McKiernan’s first collection of poetry, Caravan, was published in 1989 by the Midwest Villages & Voices in the US and by Dedalus Press in Ireland. Her collections The One Who Swears Your Can’t Start Over (2002), Sky Thick with Fireflies (2011), Swimming with Shadows (2019) were published by Salmon Poetry.
In 2004 she completed a Masters of Fine Arts at Warren Wilson College in North Carolina, and was twice awarded a Minnesota State Arts Board grant for poetry.
She also took part in the annual Twin Cites St Patrick’s Day poetry readings in Minnesota for about 20 years. Her work appeared in the New Hibernia Review, Poetry Ireland and the Notre Dame Book of Irish American Poetry.
Jessie Lendennie, editor and founder of Salmon Poetry, said that McKiernan was “a beautiful poet with an amazingly generous spirit and a deep respect for other people”.
McKiernan grew up the fifth born of nine children of Prof Eoin McKiernan and Jeanette McKiernan (nee O’Callaghan), both of whom had Irish-born parents. The family lived first in upstate New York, where her father was the head of the English department at the State University of New York in Jeneseo.
Head-hunted for a similar role at the University of St Thomas at St Paul and Minneapolis, Prof McKiernan first embarked on a sabbatical year of study in Ireland, bringing his wife and nine children to live and study in Dublin while he became proficient in the Irish language and culture. Ethna attended Muckross Park College in Donnybrook during that year in Dublin.
The family moved to Minnesota on their return from Ireland in 1960, where Prof McKiernan founded the Irish American Cultural Institute in St Paul’s which became the first of many chapters of this formidable force for Irish culture throughout North and South America and beyond.
Distribution hub
Ethna was very close to her father and worked with him at the Irish Books and Media distribution hub for Irish music and books while studying at the University of Minnesota, and following her graduation she joined him in the business. She continued to distribute and promote an annual catalogue of Irish-published books throughout the US for a number of years after his death in 2004.
Publishers from O’Brien Press, Wolfhound Press in Dublin, Mercier Press in Cork and Blackstaff Press in Belfast remember her as a true friend of many in the book world.

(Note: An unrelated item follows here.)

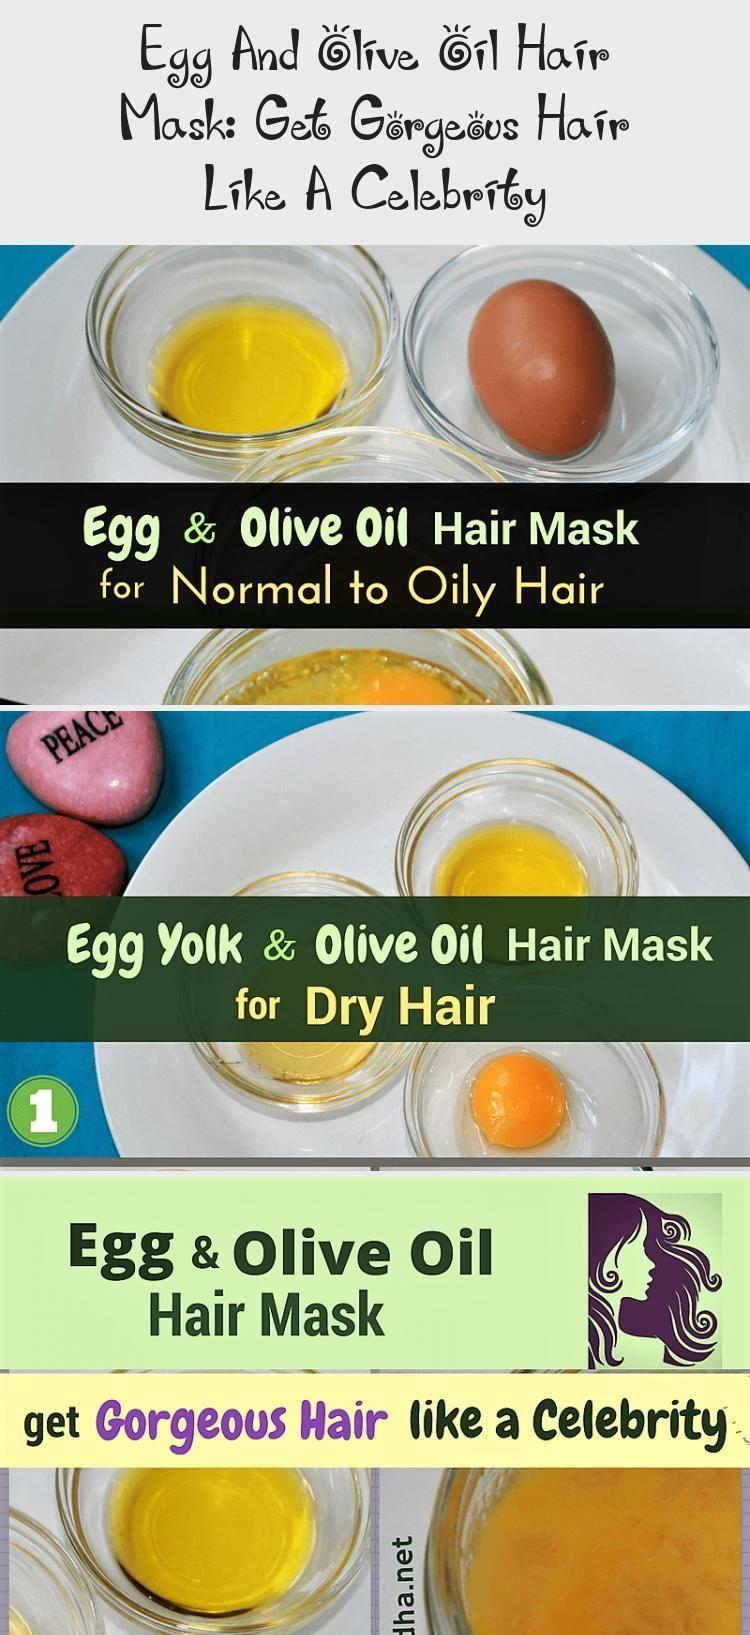 olive oil and egg hair mask for hair growth #hairgrowthTimeline #hairgrowthSharkTank #Curlyhairgrowth #hairgrowthTips -  olive oil and egg hair mask for hair growth #hairgrowthTimeline #hairgrowthSharkTank #Curlyhairgrowth #hairgrowthTips   - #castoroilforHairGrowth #HairGrowth #HairGrowthafricanamerican #HairGrowthbeforeandafter #HairGrowthchart #HairGrowthdiy #HairGrowthfaster #HairGrowthinaweek #HairGrowthmask #HairGrowthonion #HairGrowthproducts #HairGrowthshampoo #HairGrowthsuperfast #Hair
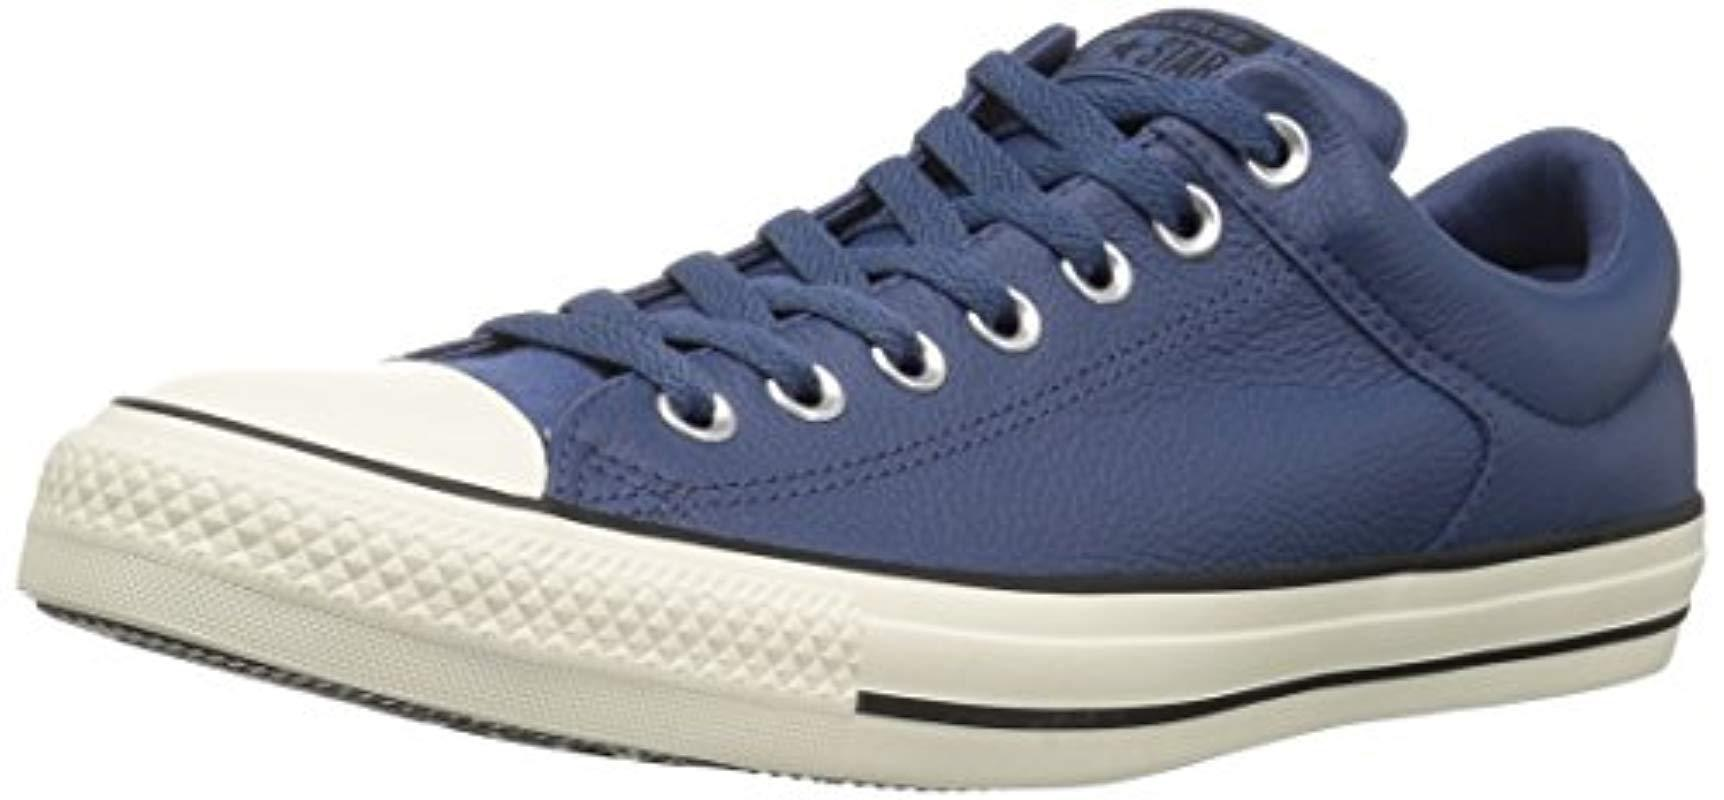 Lyst - Converse Ctas High Street Ox Mason Blue egret Sneaker in Blue ... 389cbd010

“She opened cultural doors for Irish writers and book producers and understood the cultural value of the Irish American identity well before the Irish government discovered it,” said Michael O’Brien, Seamus Cashman, John Spillane and Ann Tannahill in a tribute to her in Books Ireland magazine.
Following two short-lived marriages, McKiernan brought up her two sons, Conor and Naoise, on her own, instilling in them a compassion for the less fortunate. For the last decade of her life she worked as a street outreach worker for homeless charities. This work saw her walk alone on river paths, down alleyways and under bridges to bring kindness and services to people without shelter.
Not afraid to break the rules, co-workers remember many incidents in which she stepped outside professional boundaries – offering a client overnight accommodation in her home to avoid an abusive boyfriend, visiting a former client in jail and minding a homeless couple’s hamsters while they stayed in a hotel. Her son Conor said “she gave more to others than anyone I ever knew”.
Ethna McKiernan is survived by her sons Conor Moe and Naoise Moe, and by her siblings Deirdre, Kevin, Brendan, Nuala, Fergus, Grania, Gillisa and Liadan. Her son Brian Plunkett pre-deceased her.